What are XML namespaces?

A colon (:) in a tag or attribute name means that the element or attribute is in an XML namespace. Namespaces are a way of combining different XML formats / standards in one document, and keeping track of which names come from which format. The colon, and the part before it, aren't really part of the tag / attribute name, they just indicate which namespace it's in.

An XML namespace has a namespace identifier, which is identified by a URI (a URL or URN). The URI doesn't point at anything, it's just a way for someone to "own" the namespace. For instance, the SOAP standard uses the namespace http://www.w3.org/2003/05/soap-envelope and an OpenDocument file uses (among others) urn:oasis:names:tc:opendocument:xmlns:meta:1.0. The example in the question uses the namespaces http://example.com and https://namespaces.example.org/two.

Within a document, or a section of a document, a namespace is given a local prefix, which is the part you see before the colon. For instance, in different documents, the SOAP namespace might be given the local prefix soap:, SOAP:, SOAP-ENV:, env:, or just ns1:. These names are linked back to the identifier of the namespace using a special xmlns attribute, e.g. xmlns:soap="http://www.w3.org/2003/05/soap-envelope". The choice of prefix in a particular document is completely arbitrary, and could change each time it was generated without changing the meaning.

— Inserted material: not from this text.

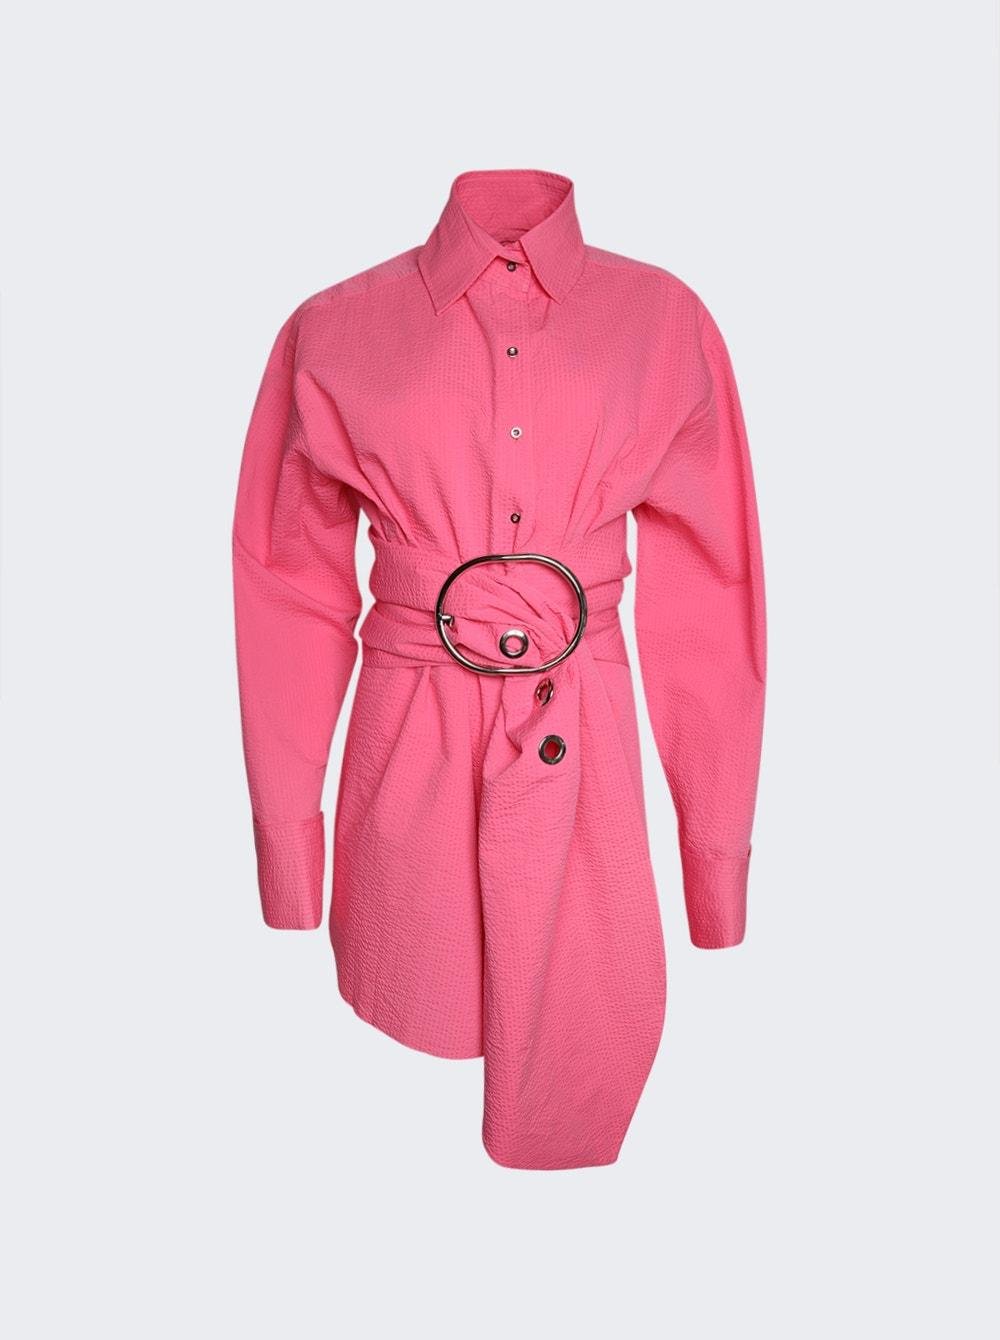 Large Buckle Shirt Pink by MARQUES' ALMEIDA

Finally, there is a default namespace in each document, or section of a document, which is the namespace used for elements with no prefix. It is defined by an xmlns attribute with no :, e.g. xmlns="http://www.w3.org/2003/05/soap-envelope". In the example above, <list> is in the default namespace, which is defined as http://example.com.

Somewhat peculiarly, un-prefixed attributes are never in the default namespace, but in a kind of "void namespace", which the standard doesn't clearly define. See: XML Namespaces and Unprefixed Attributes

SimpleXML gives me an empty object; what's wrong?

If you use print_r, var_dump, or similar "dump structure" functions on a SimpleXML object with namespaces in, some of the contents will not display. It is still there, and can be accessed as described below.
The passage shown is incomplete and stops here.